Get the total number of rows in both faulty and fault-free training data sets.
H1 = height(faultfreetraining); H2 = height(faultytraining);
The simulation run is the number of times the TEP process was repeated with a particular fault type. Get the maximum simulation run from the training data set as well as from the testing data set.
msTrain = max(faultfreetraining.simulationRun); msTest = max(faultytesting.simulationRun);
Calculate the maximum simulation run for the validation data.
rTrain = 0.80; msVal = ceil(msTrain*(1 - rTrain)); msTrain = msTrain*rTrain;
Get the maximum number of samples or time steps (that is, the maximum number of times that data was recorded during a TEP simulation).
sampleTrain = max(faultfreetraining.sample); sampleTest = max(faultfreetesting.sample);
Get the division point (row number) in the fault-free and faulty training data sets to create validation data sets from the training data sets.
rowLim1 = ceil(rTrain*H1); rowLim2 = ceil(rTrain*H2); trainingData = [faultfreetraining{1:rowLim1,:}; faultytraining{1:rowLim2,:}]; validationData = [faultfreetraining{rowLim1 + 1:end,:}; faultytraining{rowLim2 + 1:end,:}]; testingData = [faultfreetesting{:,:}; faultytesting{:,:}];
Network Design and Preprocessing
The final data set (consisting of training, validation, and testing data) contains 52 signals with 500 uniform time steps. Hence, the signal, or sequence, needs to be classified to its correct fault number which makes it a problem of sequence classification.
Long short-term memory (LSTM) networks are suited to the classification of sequence data.
LSTM networks are good for time-series data as they tend to remember the uniqueness of past signals in order to classify new signals
An LSTM network enables you to input sequence data into a network and make predictions based on the individual time steps of the sequence data. For more information on LSTM networks, see Long Short-Term Memory Neural Networks (Deep Learning Toolbox).
To train the network to classify sequences using the
trainnet
function, you must first preprocess the data. The data must be in cell arrays, where each element of the cell array is a matrix representing a set of 52 signals in a single simulation. Each matrix in the cell array is the set of signals for a particular simulation of TEP and can either be faulty or fault-free. Each set of signals points to a specific fault class ranging from 0 through 20.

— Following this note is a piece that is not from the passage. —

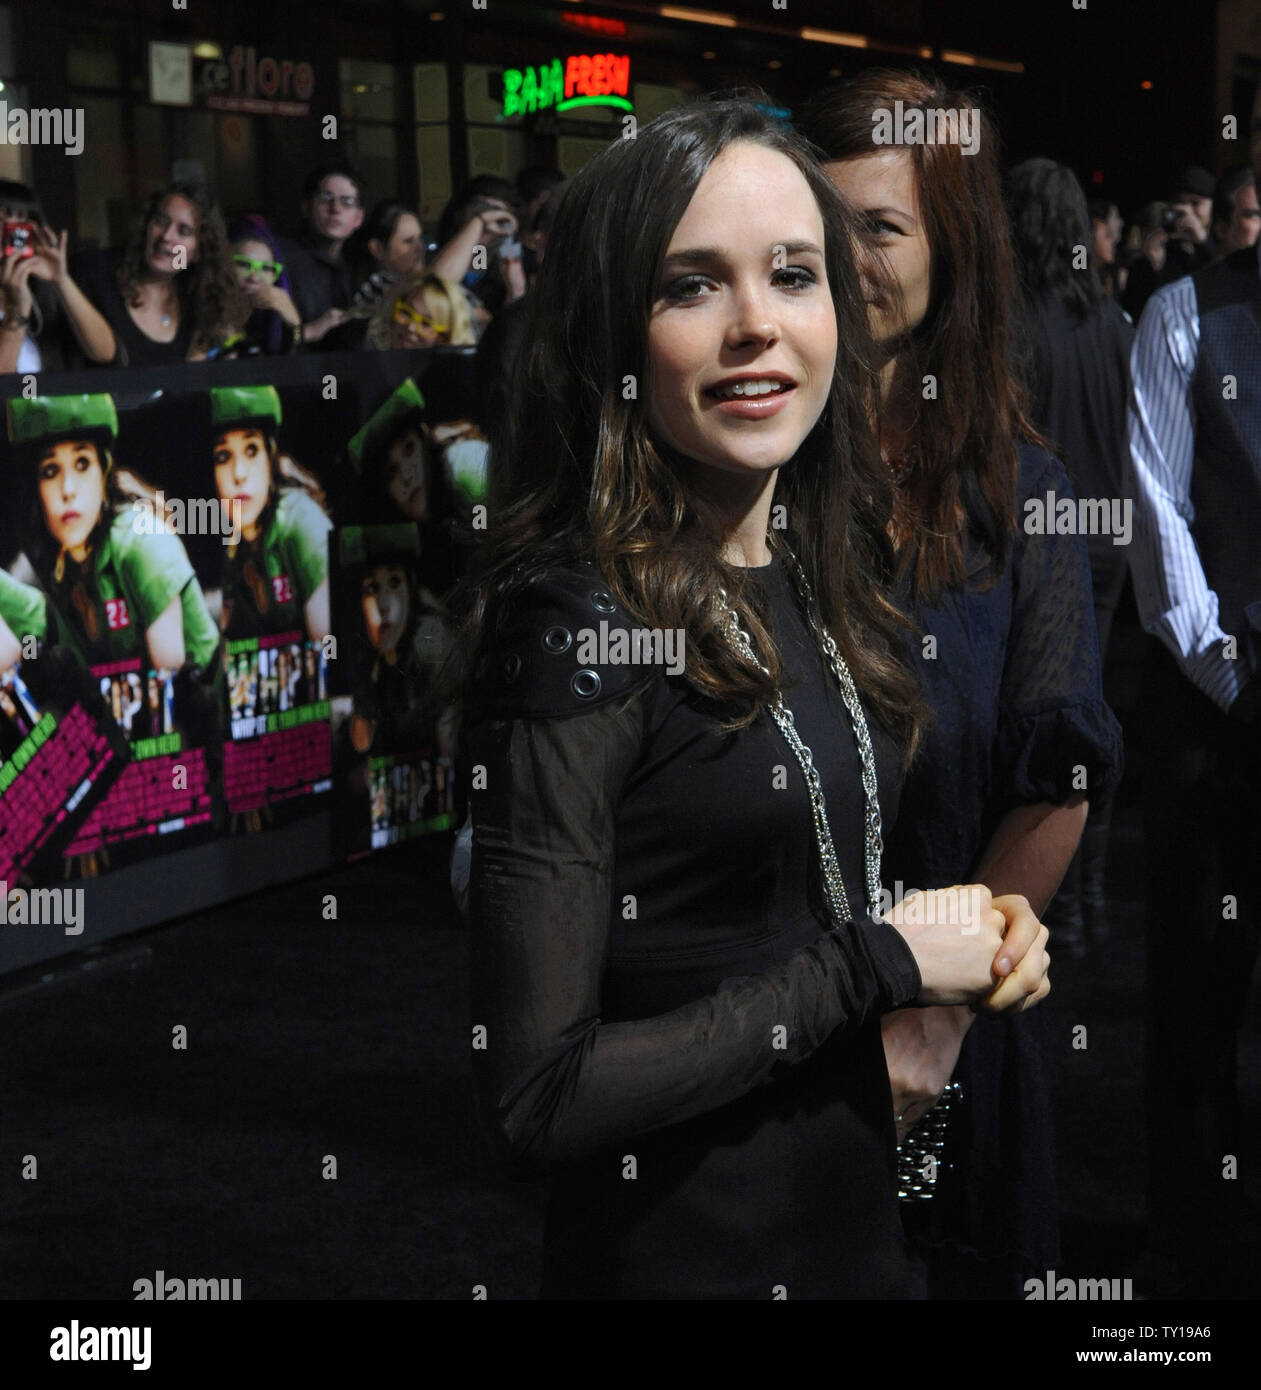 Ellen Page, a cast member in the new motion picture dramatic comedy 'Whip It', attends the premiere of the film at Grauman's Chinese Theatre in the Hollywood section of  Los Angeles on September 29, 2009.     UPI/Jim Ruymen. Stock Photo

As was described previously in the Data Set section, the data contains 52 variables whose values are recorded over a certain amount of time in a simulation. The sample
variable represents the number of times these 52 variables are recorded in one simulation run. The maximum value of the sample
variable is 500 in the training data set and 960 in the testing data set. Thus, for each simulation, there is a set of 52 signals of length 500 or 960. Each set of signals belongs to a particular simulation run of the TEP and points to a particular fault type in the range 0 – 20.
The training and test datasets both contain 500 simulations for each fault type. Twenty percent (from training) is kept for validation which leaves the training data set with 400 simulations per fault type and validation data with 100 simulations per fault type. Use the helper function helperPreprocess
to create sets of signals, where each set is a double matrix in a single element of the cell array that represents a single TEP simulation. Hence, the sizes of the final training, validation, and testing data sets are as follows:
Size of
Xtrain
: (Total number of simulations) X (Total number of fault types) = 400 X 18 = 7200Size of
XVal
: (Total number of simulations) X (Total number of fault types) = 100 X 18 = 1800Size of
Xtest
: (Total number of simulations) X (Total number of fault types) = 500 X 18 = 9000
In the data set, the first 500 simulations are of 0
fault type (fault-free) and the order of the subsequent faulty simulations is known. This knowledge enables the creation of true responses for the training, validation, and testing data sets.
Xtrain = helperPreprocess(trainingData,sampleTrain); Ytrain = categorical([zeros(msTrain,1);repmat([1,2,4:8,10:14,16:20],1,msTrain)']); XVal = helperPreprocess(validationData,sampleTrain); YVal = categorical([zeros(msVal,1);repmat([1,2,4:8,10:14,16:20],1,msVal)']); Xtest = helperPreprocess(testingData,sampleTest); Ytest = categorical([zeros(msTest,1);repmat([1,2,4:8,10:14,16:20],1,msTest)']);
Normalize Data Sets
Normalization is a technique that scales the numeric values in a data set to a common scale without distorting differences in the range of values. This technique ensures that a variable with a larger value does not dominate other variables in the training. It also converts the numeric values in a higher range to a smaller range (usually –1 to 1) without losing any important information required for training.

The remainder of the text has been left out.